Copy the following data exactly and drop the pictures.

*Given material*:

Content starts

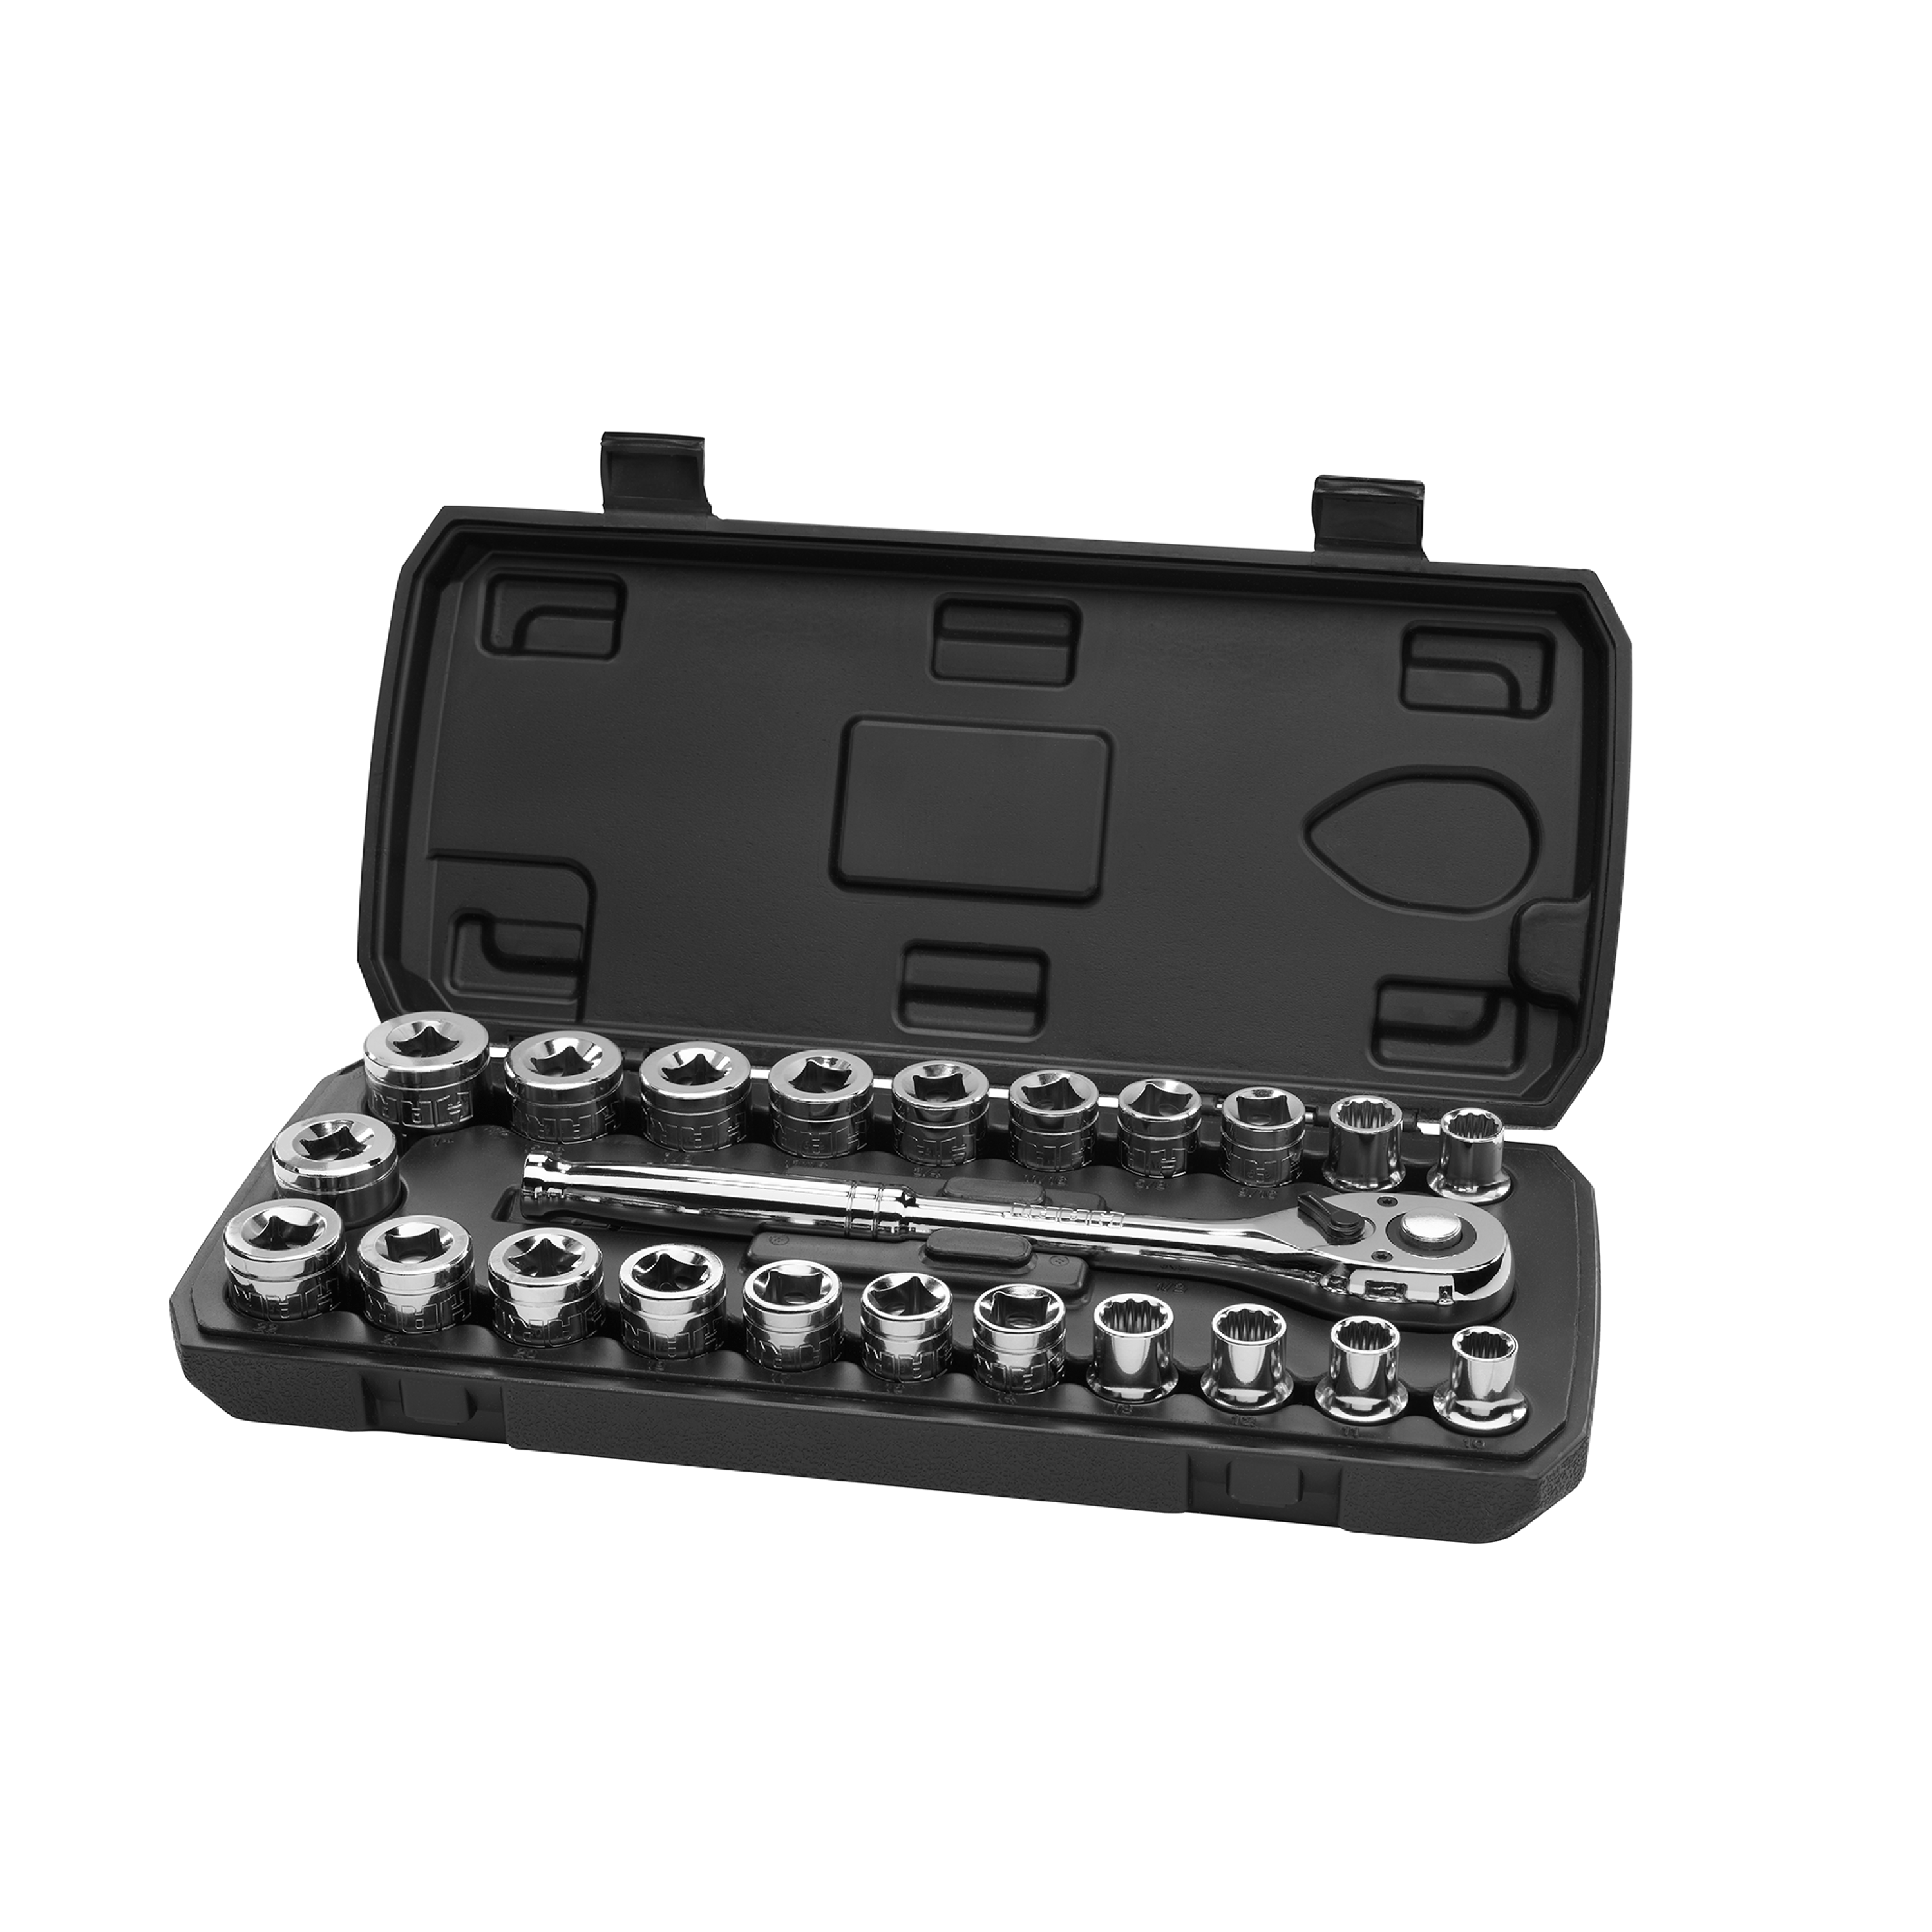 HART 23-Piece 1/2-Inch Drive Mechanics Set with Socket Wrench Ratchet and Sets, Chrome Finish - image 1 of 12
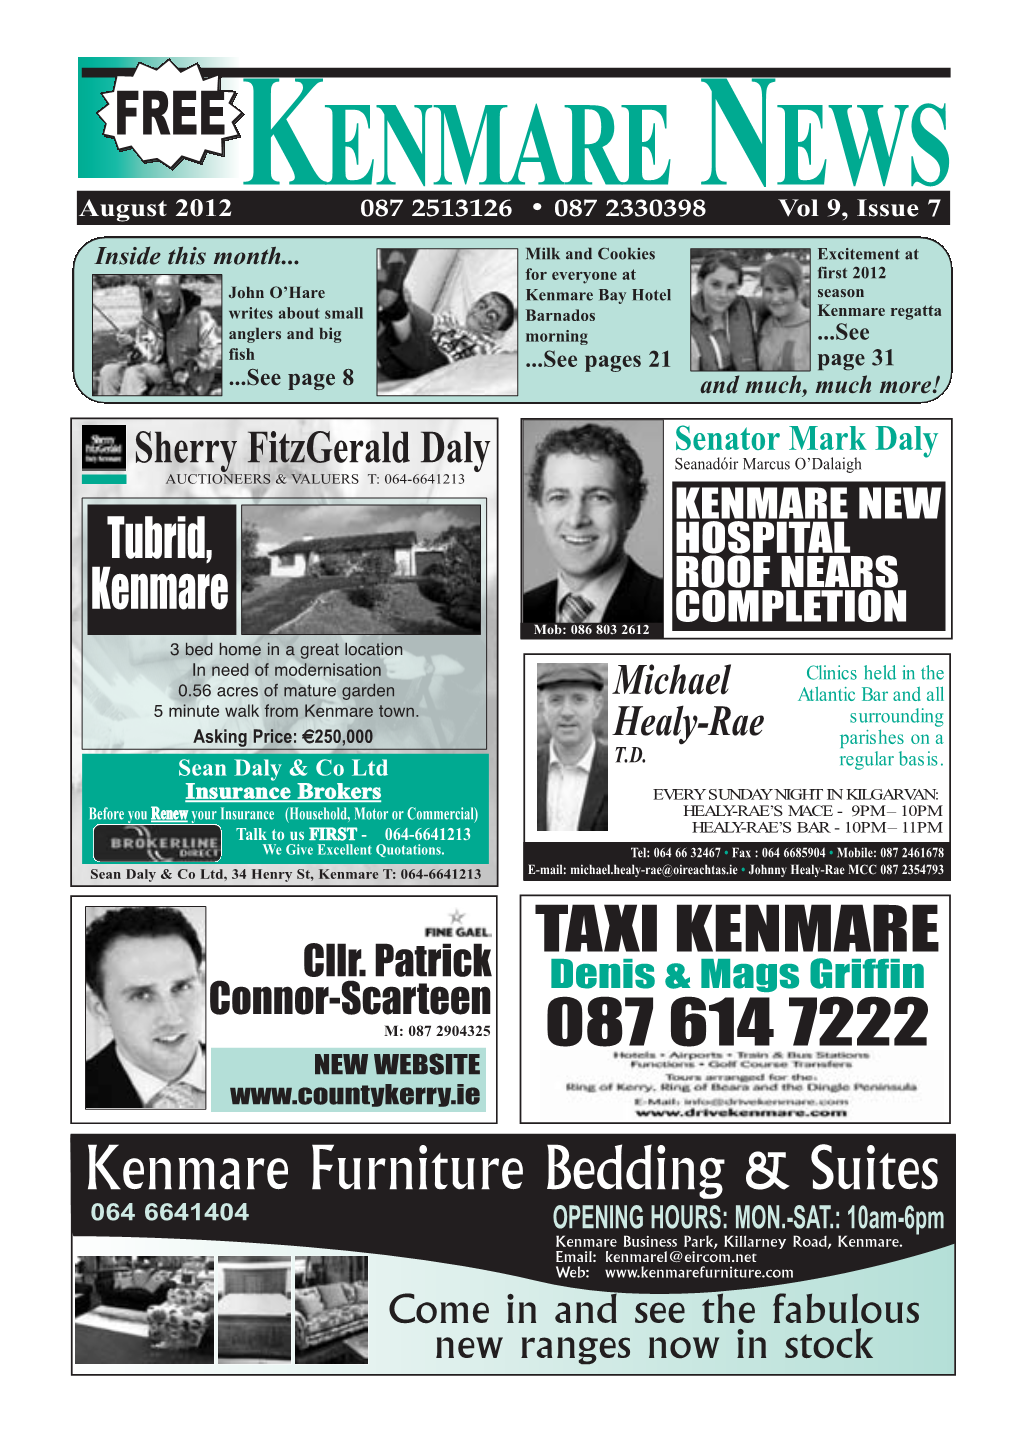 Kenmare Bay Hotel Season Writes About Small Barnados Kenmare Regatta Anglers and Big Morning ...See Fish ...See Pages 21 Page 31 ...See Page 8 and Much, Much More!
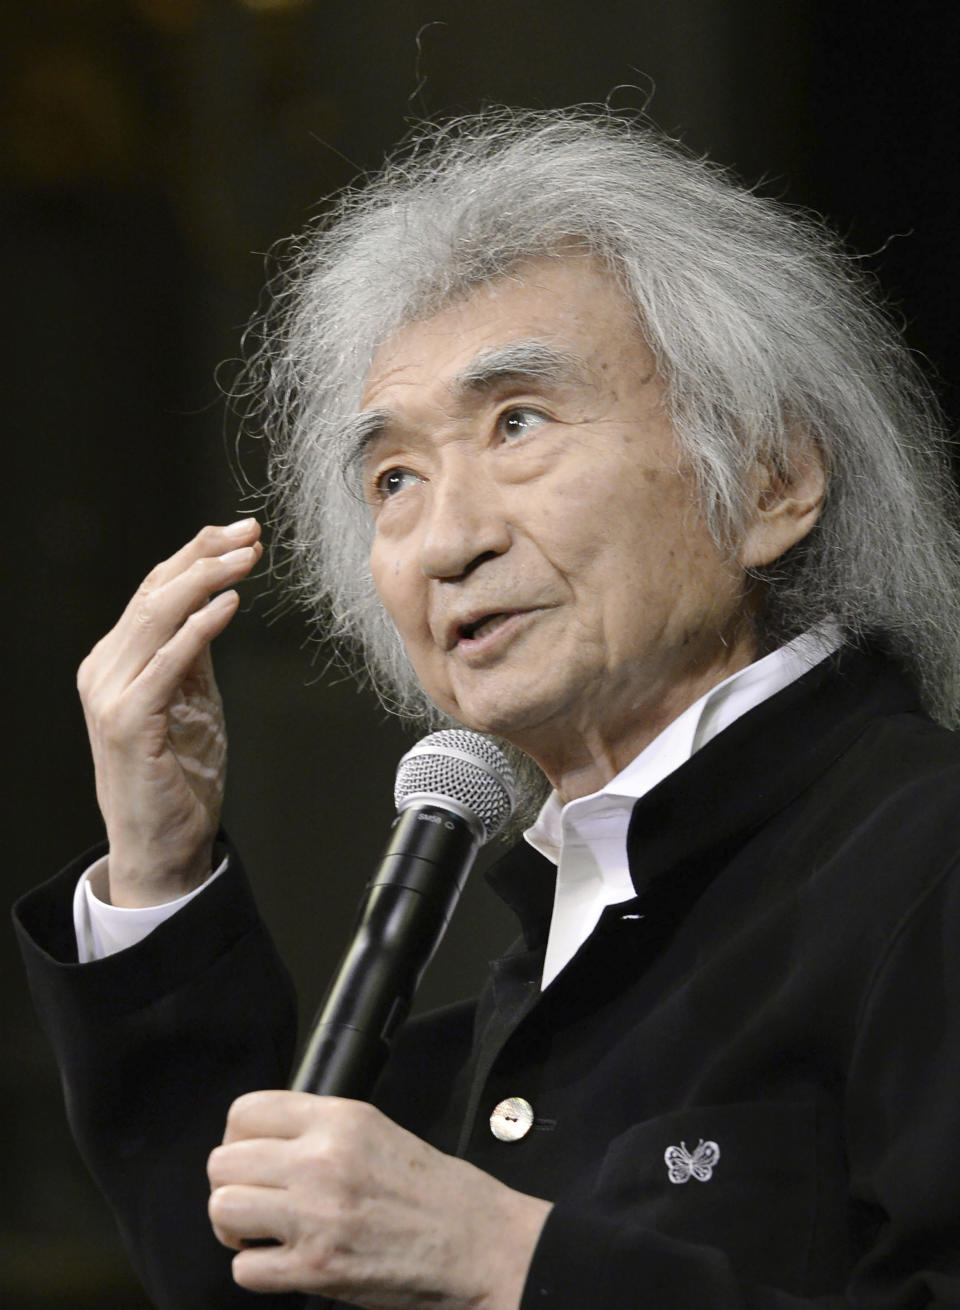 Japanese conductor Seiji Ozawa speaks during a press conference in Kyoto, Japan, on Feb. 2016. World-renowned conductor Ozawa died Tuesday, Feb. 6, due to heart failure at his home in Tokyo, his management office said Friday, Feb. 9, 2024. He was 88. (Kyodo News via AP)

Content ends

*Answer to the exercise*:
 HART 23-Piece 1/2-Inch Drive Mechanics Set with Socket Wrench Ratchet and Sets, Chrome Finish - image 1 of 12
 Kenmare Bay Hotel Season Writes About Small Barnados Kenmare Regatta Anglers and Big Morning ...See Fish ...See Pages 21 Page 31 ...See Page 8 and Much, Much More!
 Japanese conductor Seiji Ozawa speaks during a press conference in Kyoto, Japan, on Feb. 2016. World-renowned conductor Ozawa died Tuesday, Feb. 6, due to heart failure at his home in Tokyo, his management office said Friday, Feb. 9, 2024. He was 88. (Kyodo News via AP)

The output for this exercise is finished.